- Developer: Gaelco
- Publisher: Gaelco
- Director: Julian Goicoa
- Programmers: Albert Sunyer Luis Jonama
- Artists: Toni López Yeste Xavier Arrebola G.
- Writer: Toni López Yeste
- Composer: Josep Quingles
- Platform: Arcade
- Release: ESP: 1991;
- Genre: Platform
- Modes: Single-player, multiplayer

= Big Karnak =

1991 video game

Big Karnak is a platform game developed and published by Gaelco. It was released in arcades in 1991. Taking place in Ancient Egypt, players assume the role of a pharaoh warrior who embarks on a journey to save his wife while fighting against mythical beings and Egyptian gods. The game was a commercial success for Gaelco and received positive reviews.

== Gameplay ==

Gameplay screenshot

Big Karnak is a platform game reminiscent of Trojan and Ghouls 'n Ghosts, where players assume the role of a pharaoh warrior who embarks on a journey through four increasingly difficult levels taking place in an Ancient Egypt setting to save his wife by defeating the Egyptian gods Horus, Nut, Isis and Osiris.

During gameplay, players fight against mythical beings, acquire different weapons, solve puzzles and jump between front and back movement planes while avoiding hazards along the way. Players can also deflect certain enemy projectiles to avoid damage. Losing all the energy results in losing a life and the game is over once all lives are lost but players can insert more credits into the arcade machine to continue playing.

== Development and release ==
Big Karnak was created under the working title El Faraón by a small team at Gaelco, a Spanish game development company co-founded in 1985 by former Tecfri members Luis Jonama, Josep Quinglés and Javier Valero, serving as one of their first arcade projects alongside Master Boy. Gaelco decided to work on a horizontal-scrolling arcade game similar to Double Dragon, Bad Dudes Vs. DragonNinja and Ghouls 'n Ghosts, recruiting writer Toni López Yeste to create the artwork, scripts and animation. Yeste studied comics and illustrations at Escola Joso in Barcelona before being proposed by the school to work at Gaelco, despite never having contact with video games until then.
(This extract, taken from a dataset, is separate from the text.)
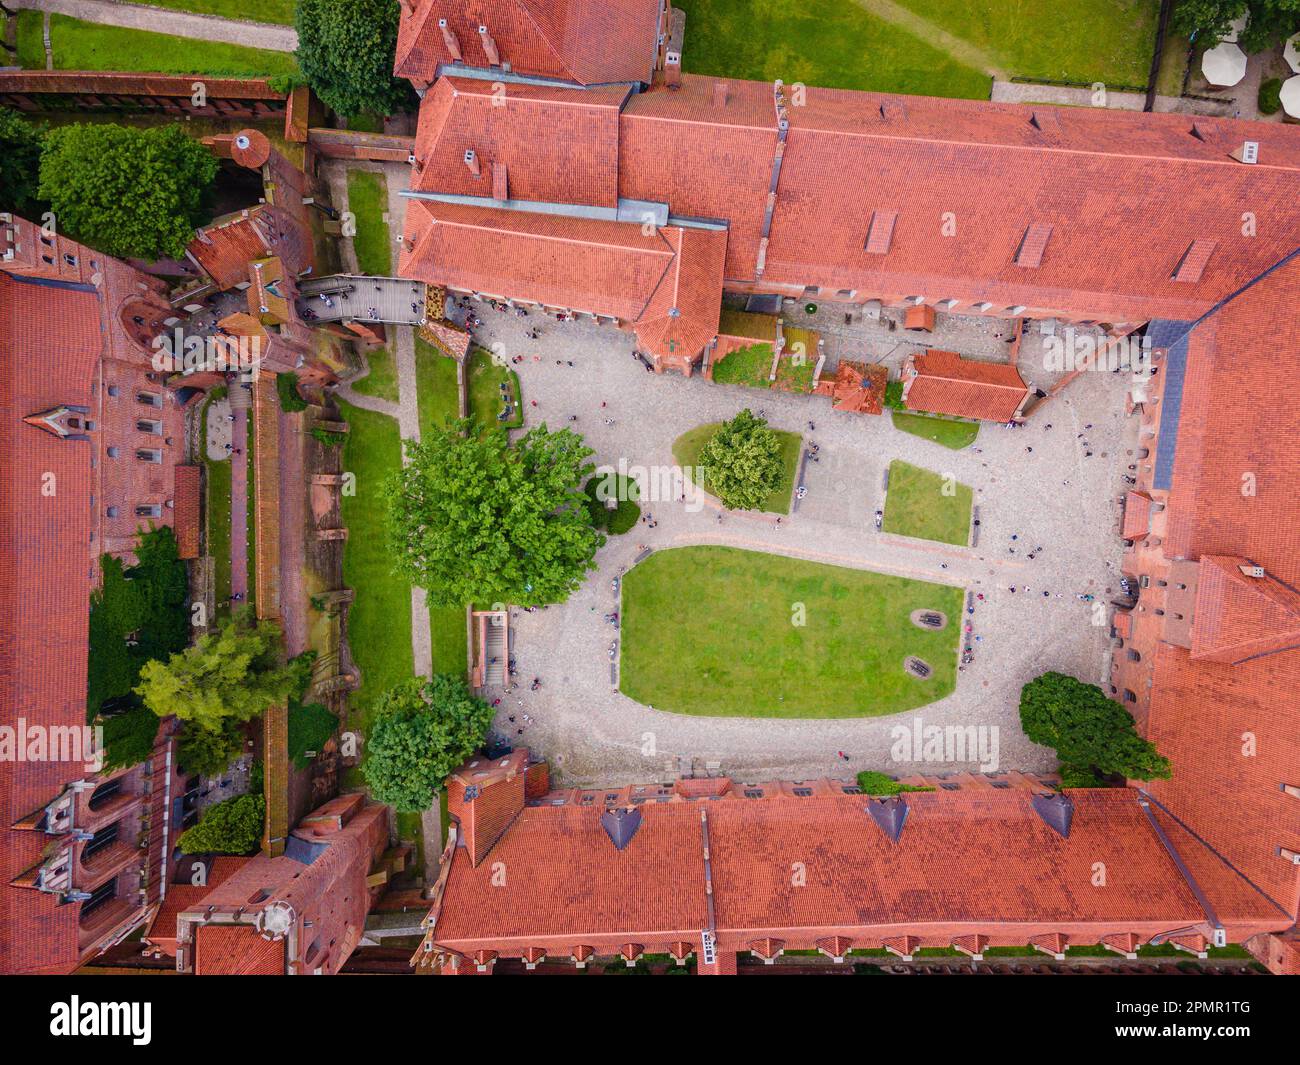 Aerial view of Malbork Teutonic order castle in Poland. It is the largest castle in the world measured by land area and a UNESCO World Heritage Site Stock Photo
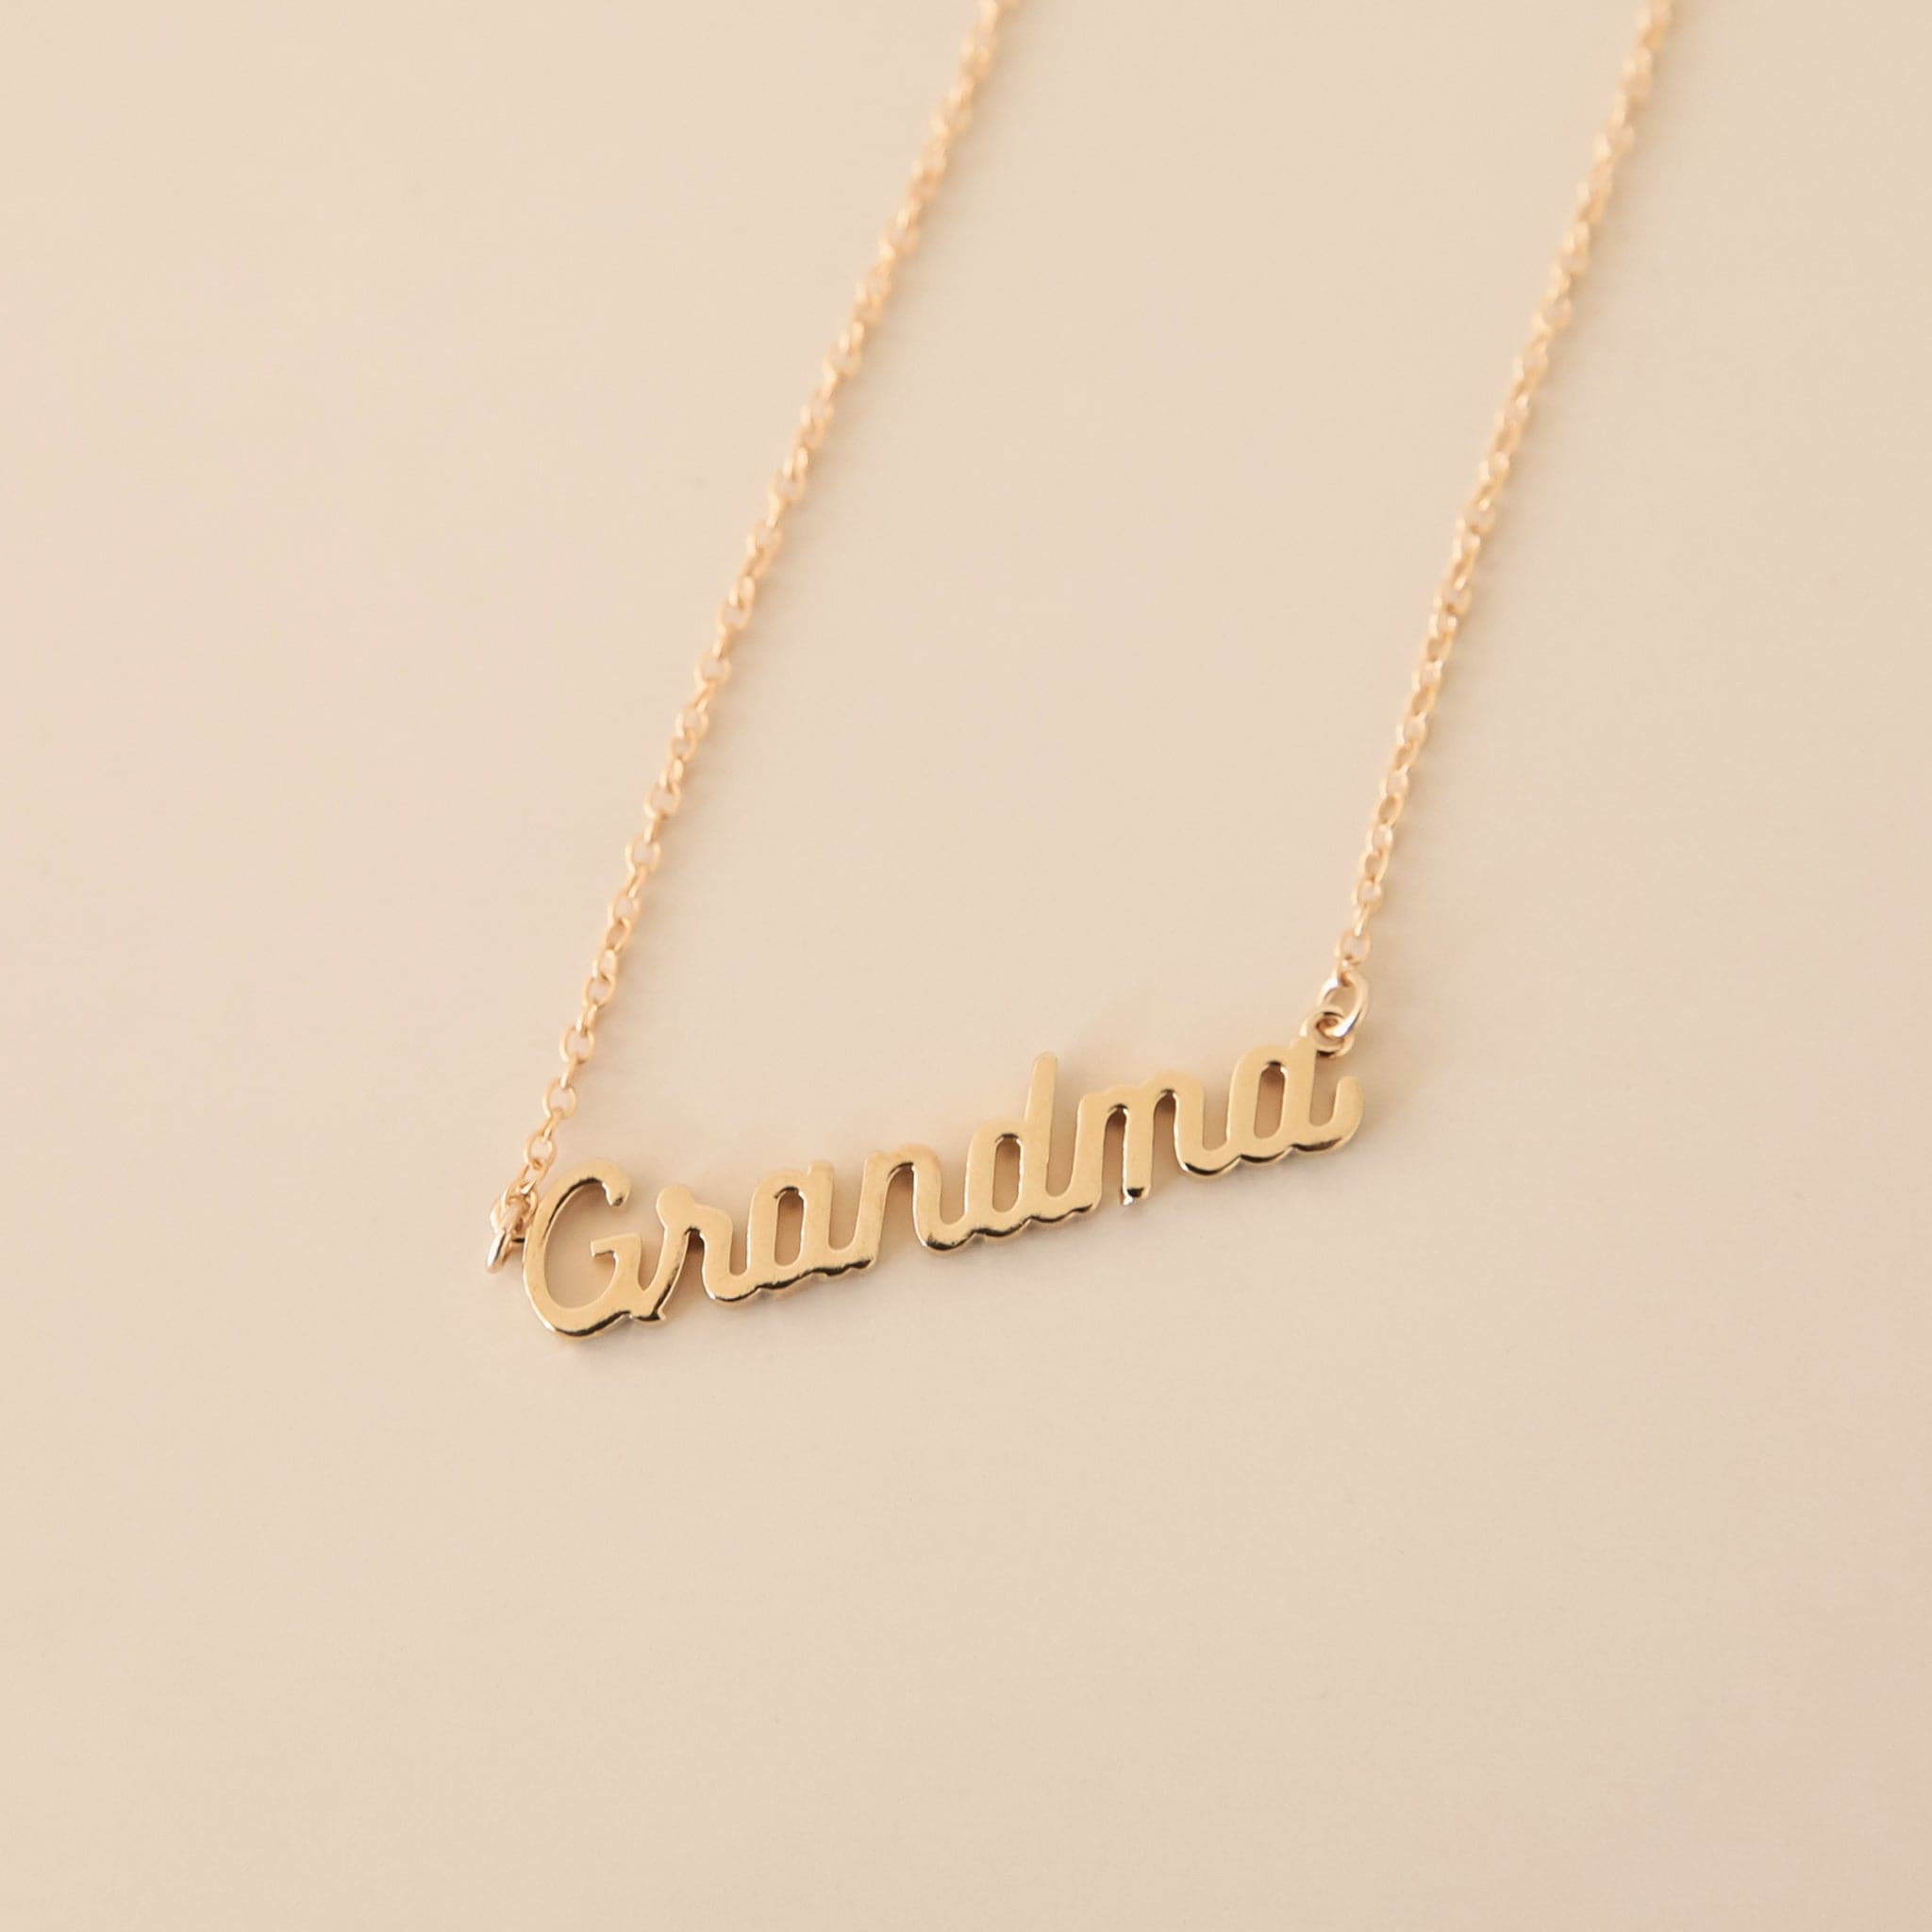 A dainty gold chain necklace with gold letters that read, "Grandma" as a pendant.

Yeste began writing the script for what would later become Big Karnak in June 1988 and he stated that once the script was shown, Gaelco realized it would work and production of the project began in September of that year. Yeste went to arcades in order to check recent games on the market and study them, with Ghouls 'n Ghosts being the title he studied the most but did not know Bad Dudes Vs. DragonNinja until production started. Jonama stated in a 2014 interview with the Spanish version of Retro Gamer that he, Quinglés and Valero initially started programming but later directed the games as they grew, with Jonama collaborating on the project as a programmer alongside Albert Sunyer while Quinglés specialized on sound design. Julian Goicoa was in charge of marketing the game worldwide but also acted as director and proposed changes from a commercial viewpoint. Artist Xavier Arrebola G. also created artwork for the game with Yeste. Arrebola was first introduced to video games Asteroids during his college days and joined Gaelco in 1989 when Big Karnak was in a more advanced development state due to his interest with computer graphics, being in charge of both character animations and level design.

Yeste stated that when production started, several elements from the original script for Big Karnak were added or scrapped due to either not working in the game or being deemed too difficult. Arrebola also stated that team members gave their ideas during development, as equipment and resources were limited, with Yeste claiming that enemies which broke the Egyptian aesthetic was due to the collaborative effort. Yeste also claimed a total of eight levels were originally envisioned but the number was ultimately reduced to four. When designing the carnivorous plant enemies for a level, Arrebola was inspired by Frank Oz's Little Shop of Horrors. Jonama and the team used PCs with ARPA, an in-house tool created by Gaelco that allowed artists transpose their hand-drawn animation work from graph paper into pixel art.

Big Karnak was released on arcades by Gaelco in 1991. The game was presented on various trade shows across Europe such as the 1991 European Computer Trade Show. The title was never ported to other systems, until its inclusion as part of the Gaelco Arcade 2 compilation for Evercade, marking its first console debut.

== Reception ==
According to the book Video Games Around the World, Big Karnak "achieved great success" commercially. David Wilson of Zero magazine rated the game with a 4.5 out of 5 score. Martin Gaksch of German magazine Power Play gave the title a positive outlook. Oldies Rising scored it 15 out of 20. In 2015, David Martinez of Hobby Consolas also gave it a positive outlook.

== Legacy ==
As of April 2020, the rights to Big Karnak are owned by Piko Interactive.